= Dataset entries =
------------------------------------------------

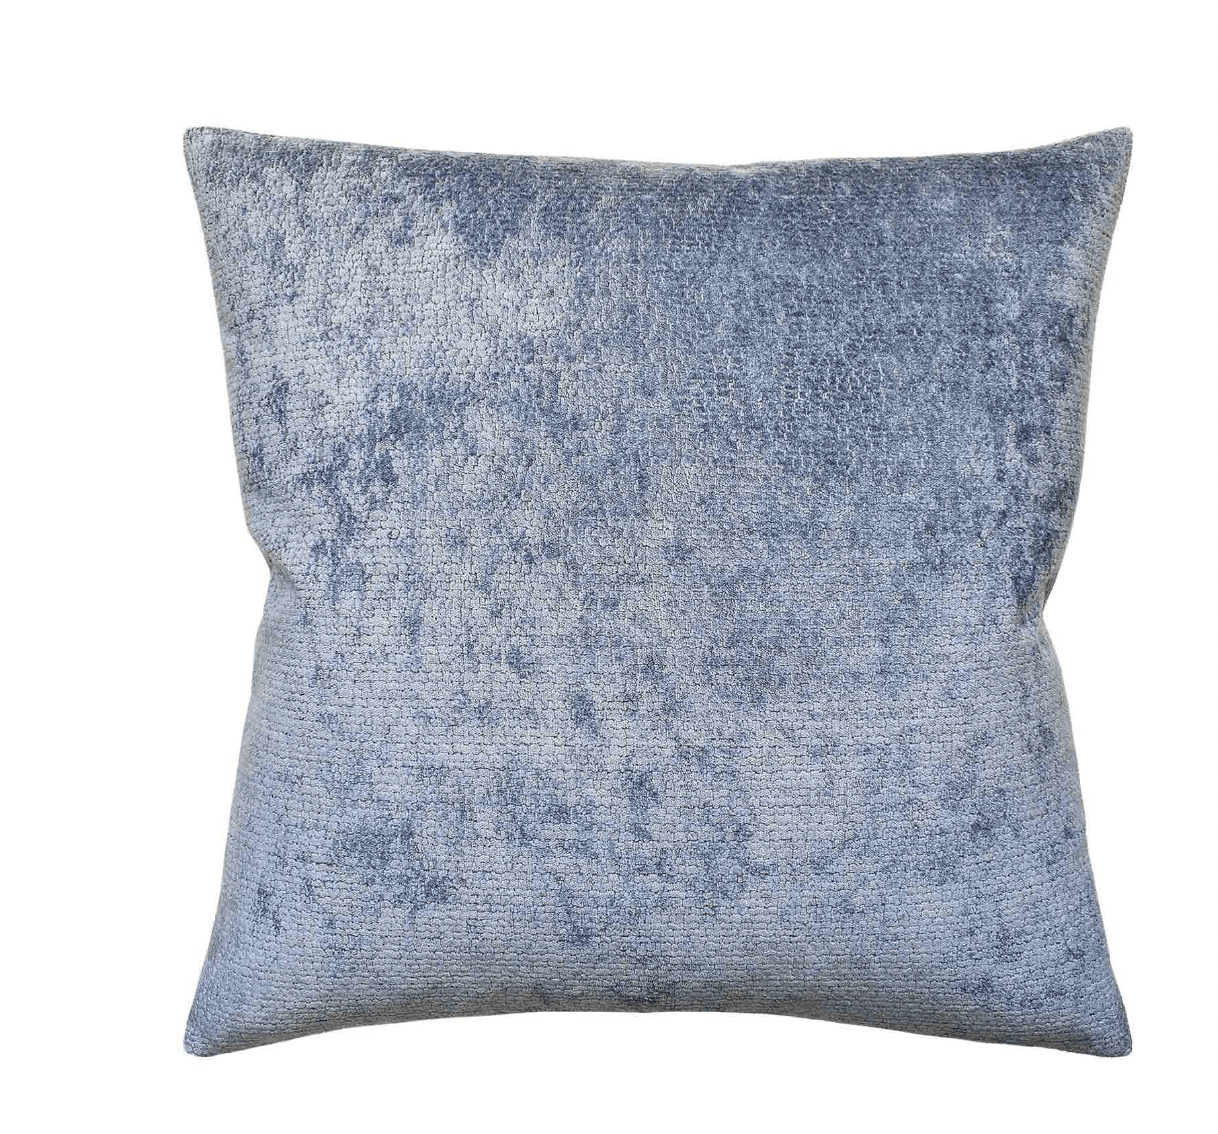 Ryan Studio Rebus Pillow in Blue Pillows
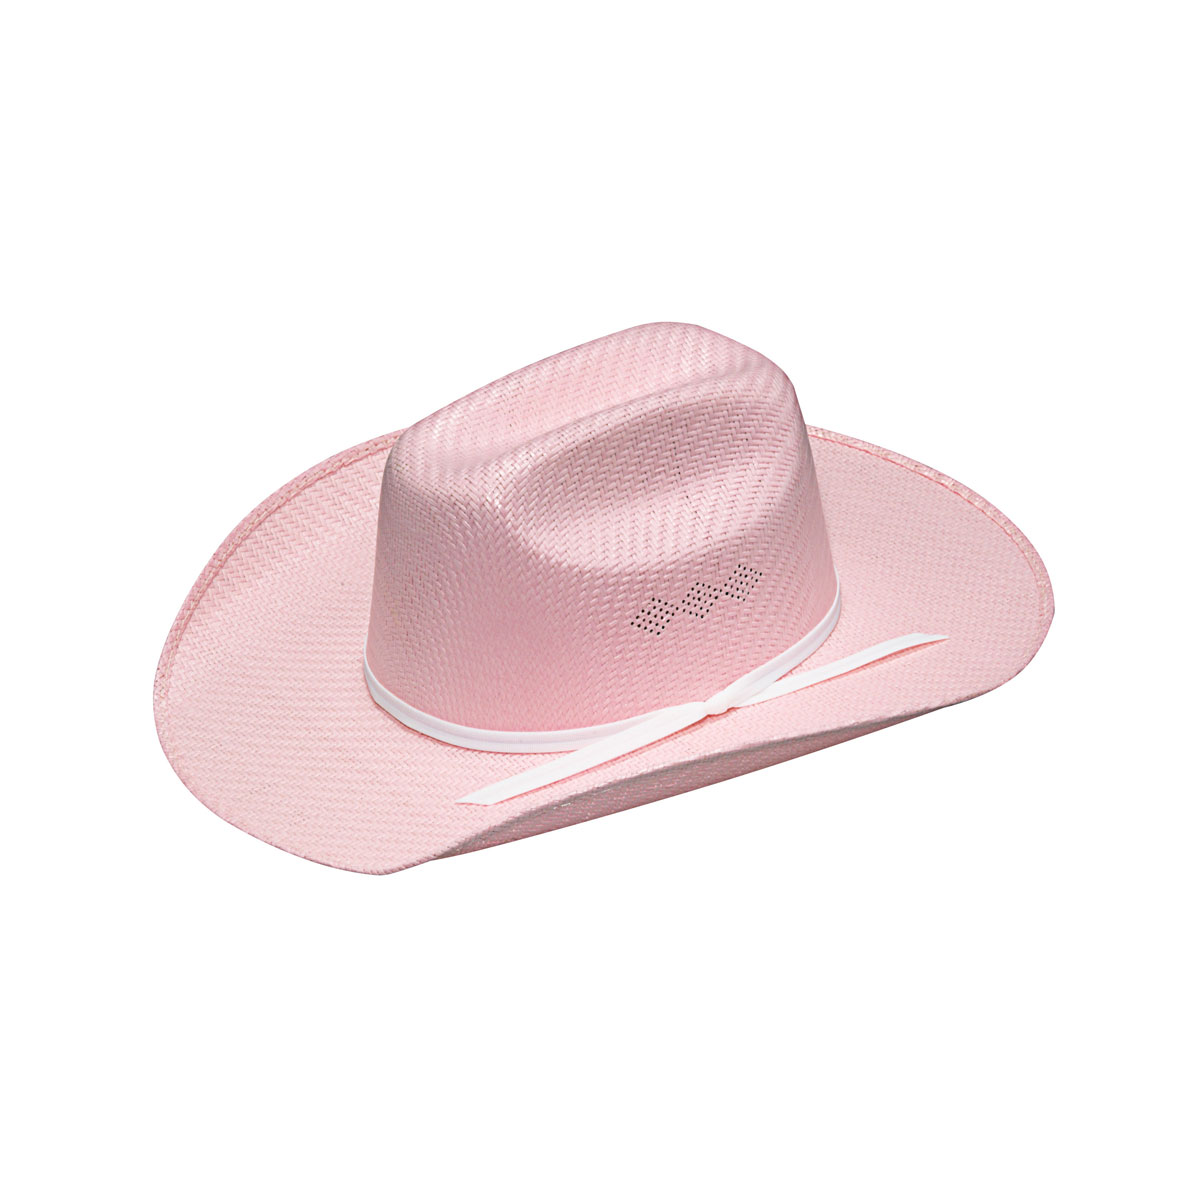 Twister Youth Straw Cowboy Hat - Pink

------------------------------------------------

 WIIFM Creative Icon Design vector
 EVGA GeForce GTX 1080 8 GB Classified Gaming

------------------------------------------------

= Exercise goal =
Only one stretch of the data is wanted: write out exactly the lines from the one holding "Ryan Studio Rebus Pillow in Blue Pillows" through the one holding "Twister Youth Straw Cowboy Hat - Pink", both included, without the pictures.

= The answer =
 Ryan Studio Rebus Pillow in Blue Pillows
 Twister Youth Straw Cowboy Hat - Pink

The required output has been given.